Saturday, January 10, 2015

december: 30, 31, & 32

to finish out 2014, i read three books, bringing this year's total to 32.  in the last three years i have read exactly 100 books…but there are so. many. more. books. to. read.  my amazon wishlist has 126 books on it and somehow that number never seems to go down.  how will one lifetime be enough?

in december i read:

transatlantic, by colum mccann (i loved his first book [let the great world spin], and bought this book with a gift certificate that a student gave me.  and it did not disappoint.  mccann uses words beautifully and weaves story lines together in a fantastic way.  he seems to like taking real events and telling them from the perspective of a fictional person who experienced them, and i'm intrigued by this.  this book is three transatlantic stories (first transatlantic flight between newfoundland and ireland; frederick douglass coming to ireland to promote his book; george mitchell coming to ireland to work on the northern irish peace process) that he tells, then goes back and tells about the life of a person in the background of each story.  interesting, right?  i really enjoyed this book and would highly recommend it!)

speak, by laurie false anderson (my school is considering this book as an all-upper-school read for the summer, and i'm on the summer reading selection committee, so i read this as homework for the committee.  it's a young adult book about a girl who is sexually assaulted, though the assault takes up only a few pages of the book - the majority is about how her life changes.  a really compelling read…we'll see what the rest of the committee thinks.)

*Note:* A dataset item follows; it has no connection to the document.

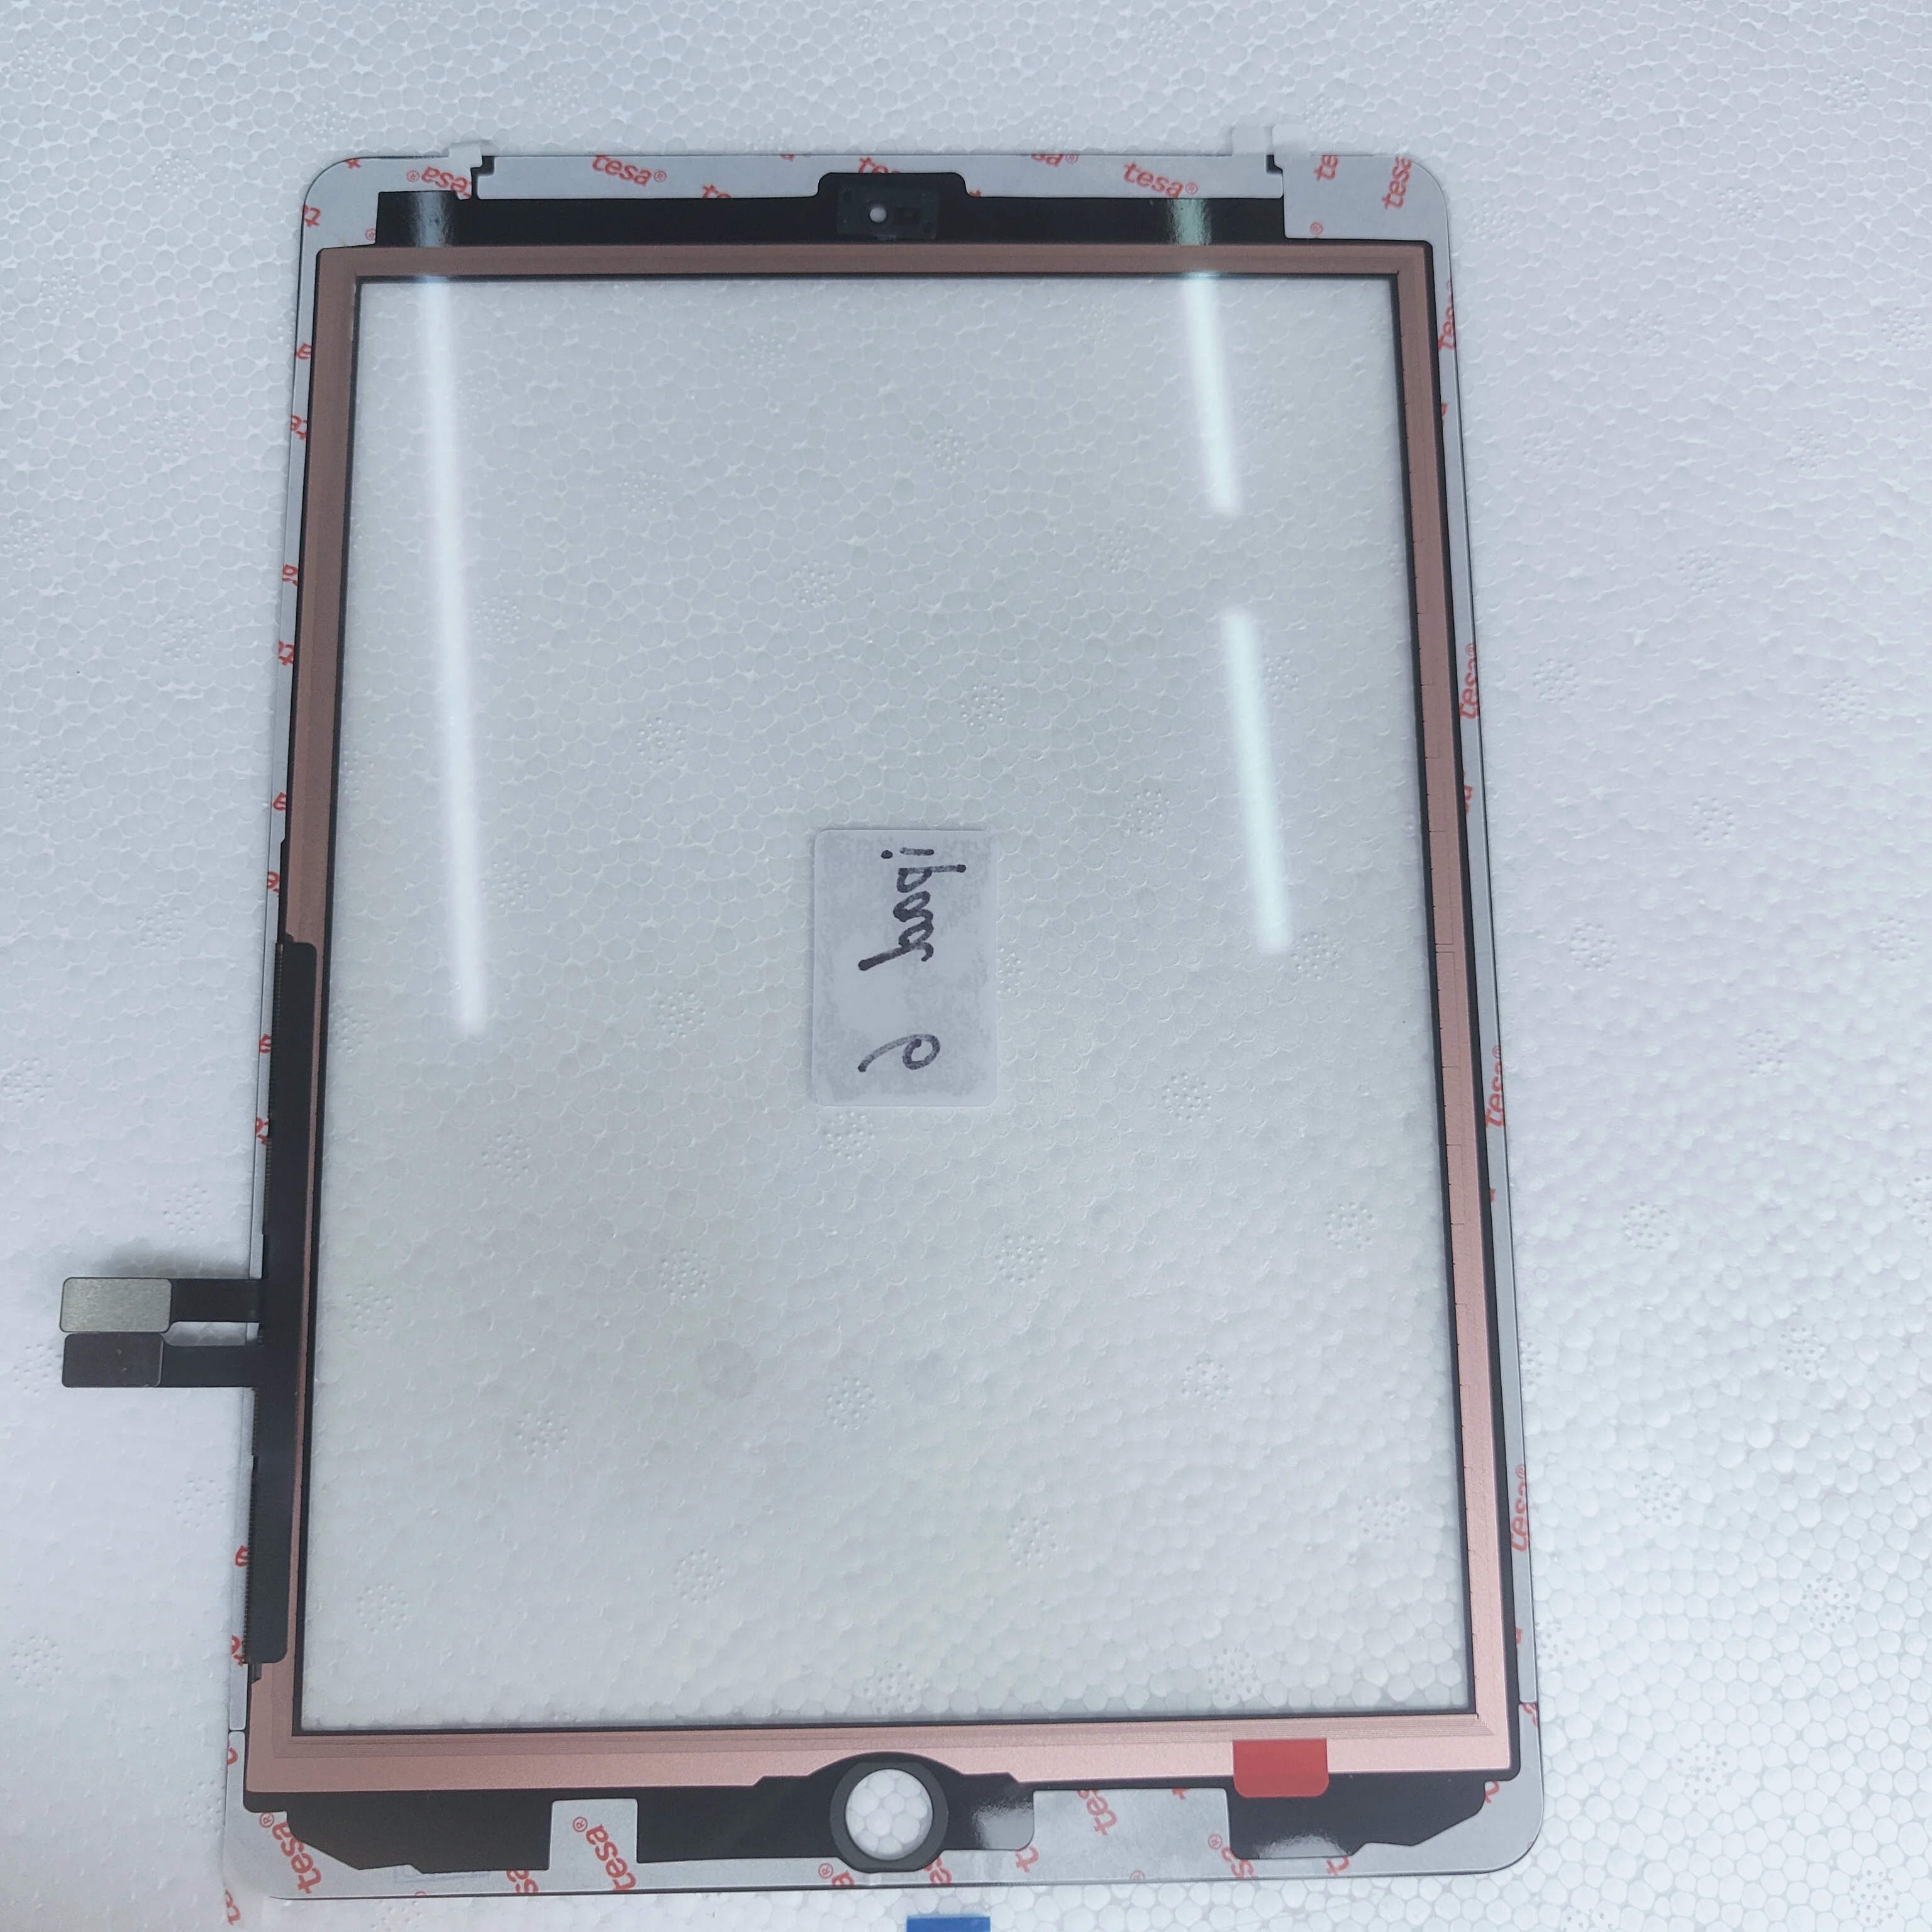 Apple iPad Air 2 A1567/A1566 LCD, Authentic Apple iPad LCD Screens, Crystal Clear Display Replacements

all the light we cannot see, by anthony doerr (joey was talking about reading this and then it was on some lists of best books of the year and then my book club wanted to read it - so all signs pointed to me needing to pick this book up.  i LOVED it.  it's the story of a blind french girl and the story of a german boy who is conscripted during world war two…their lives intersect in france near the end of the war.  i found both stories fascinating - sometimes when a book switches between a few narrators i find one less compelling and only want to hear from the others, but that wasn't the case at all here.  when i like a book i can't stop telling people that they must read it…i'm a book prosthelytizer.  and it's happening a lot right now with this one.)